Leave every picture out. Set down all the lines below exactly.

*** Opening of DATA EXTRACT ***

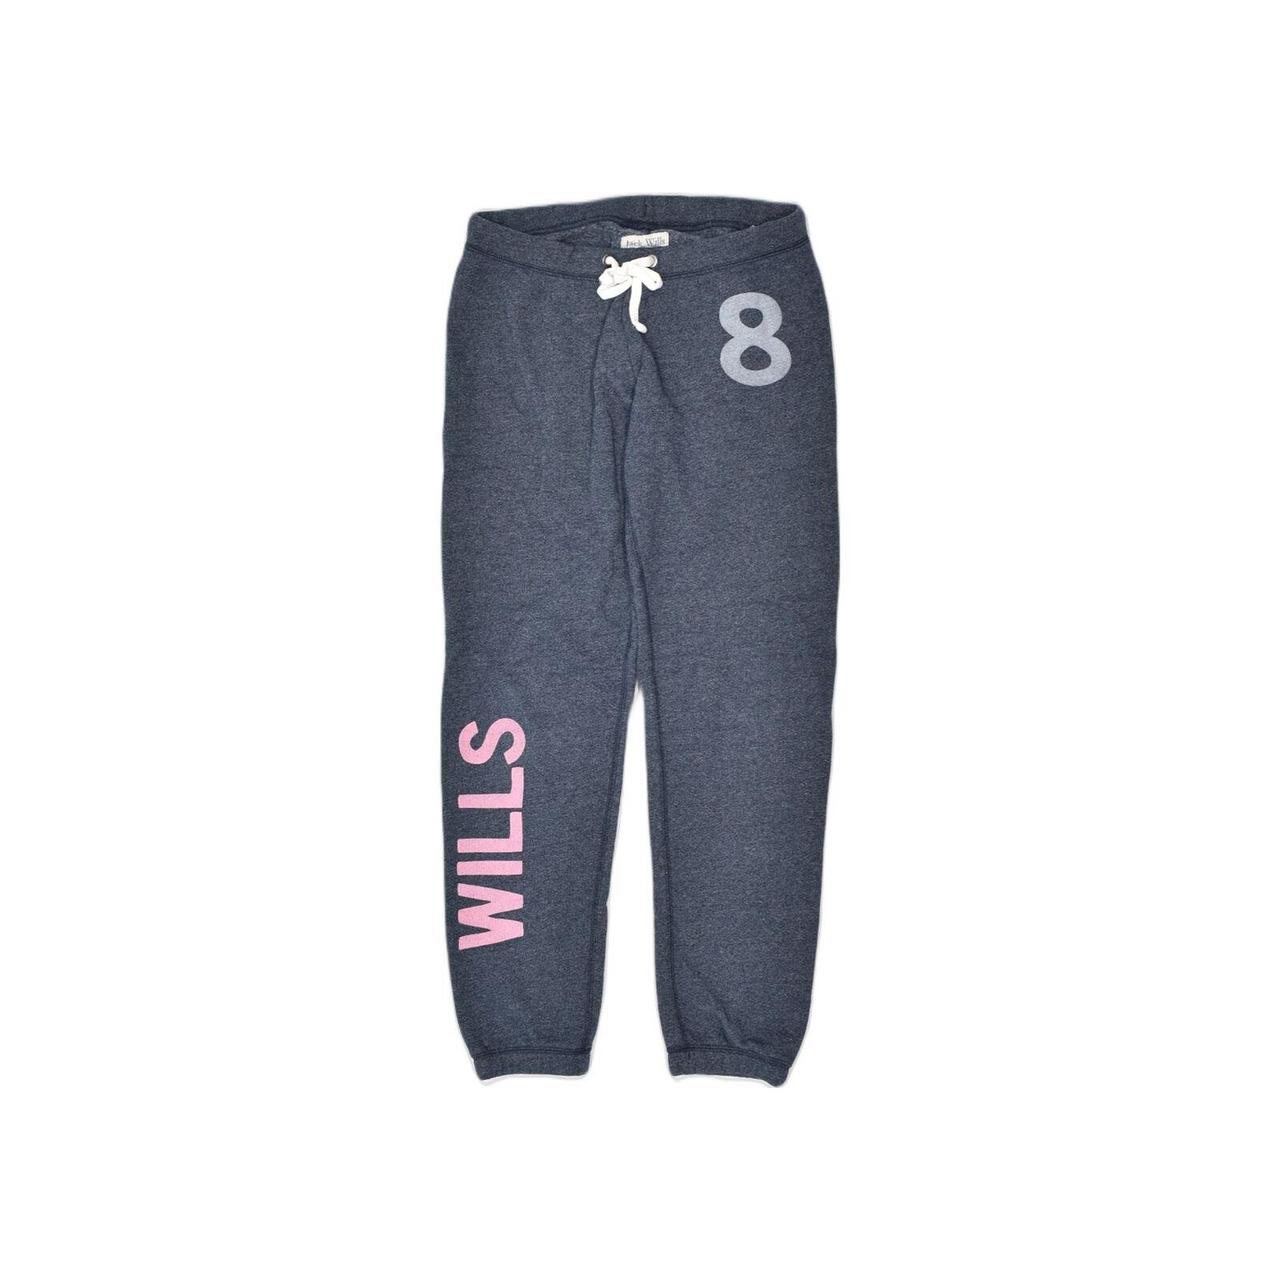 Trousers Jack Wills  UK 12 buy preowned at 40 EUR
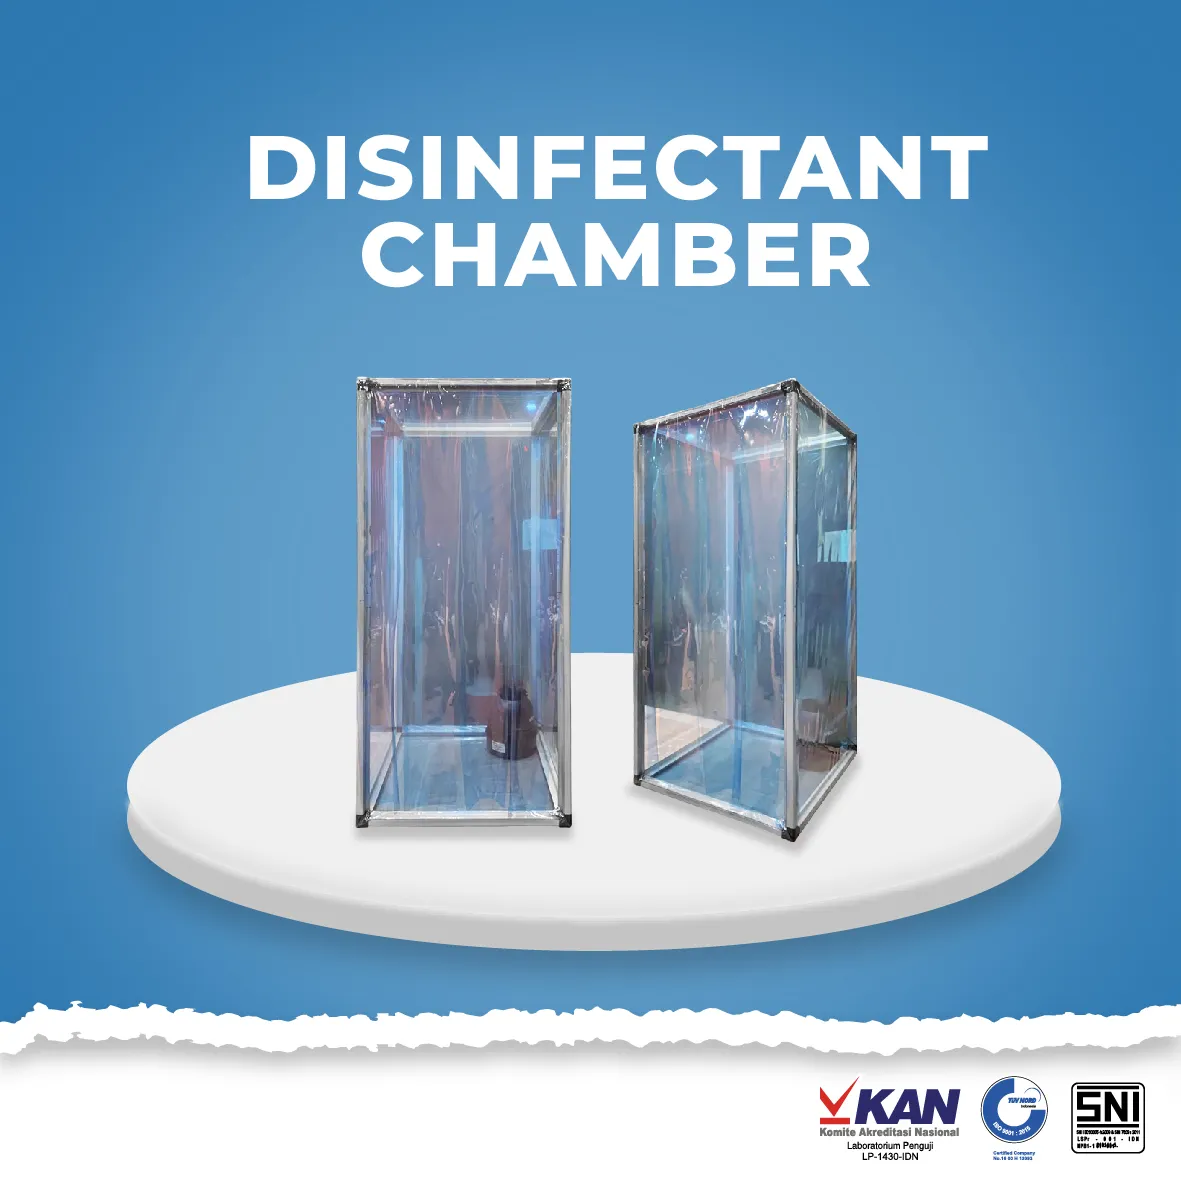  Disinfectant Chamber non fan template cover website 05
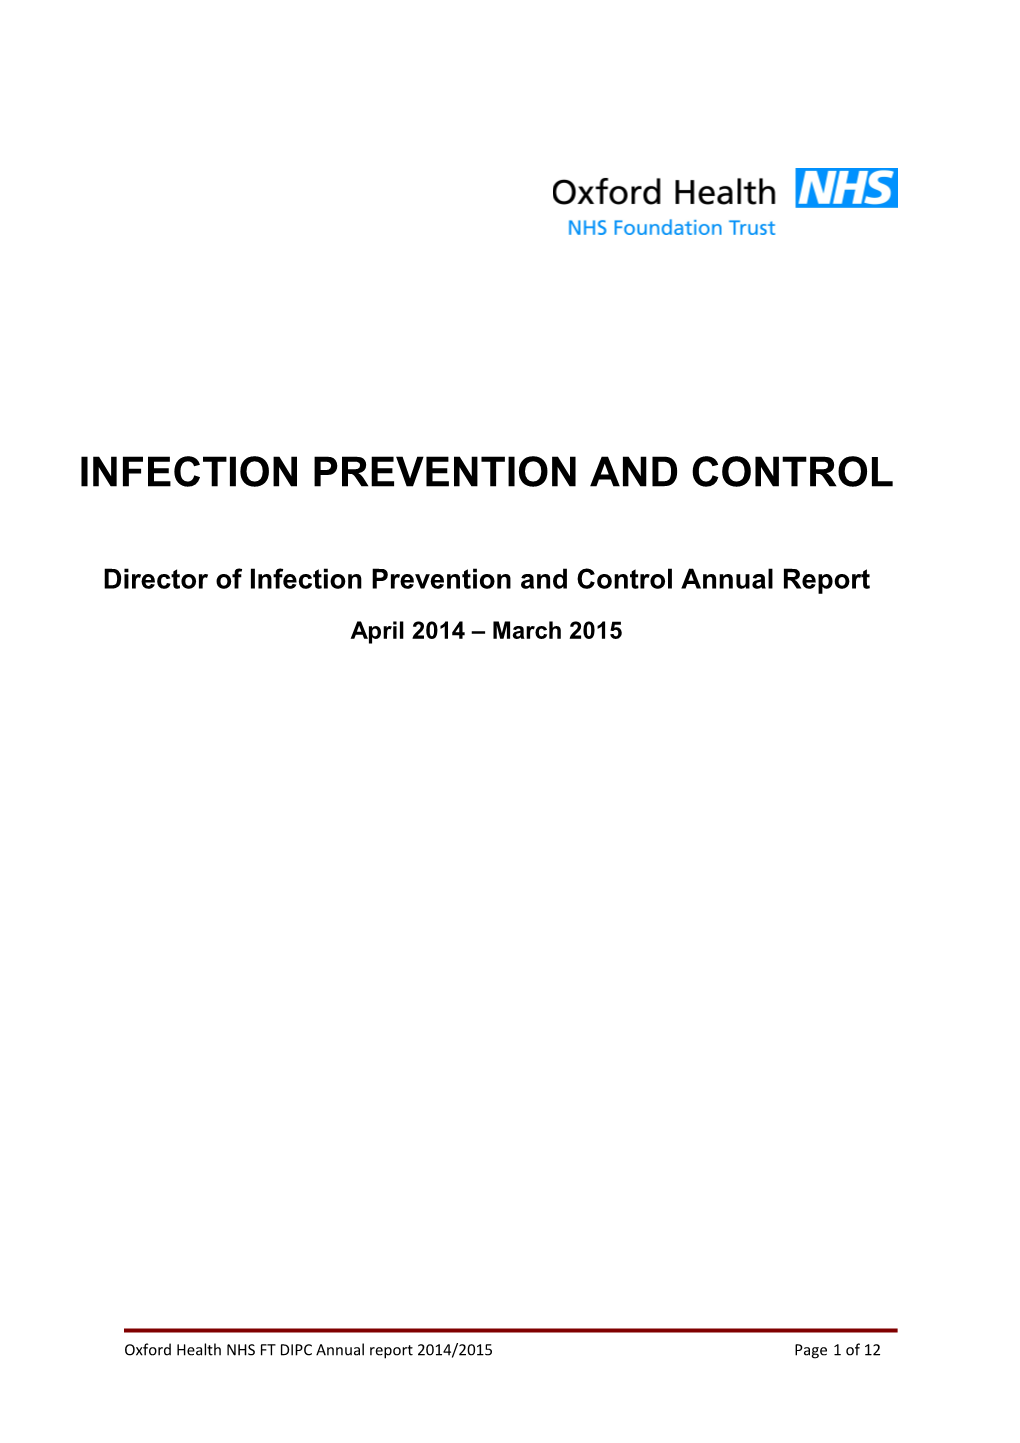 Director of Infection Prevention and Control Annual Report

*** Close of DATA EXTRACT ***

▶ [SOLUTION FOR THIS PROBLEM]:
 Trousers Jack Wills  UK 12 buy preowned at 40 EUR
  Disinfectant Chamber non fan template cover website 05
 Director of Infection Prevention and Control Annual Report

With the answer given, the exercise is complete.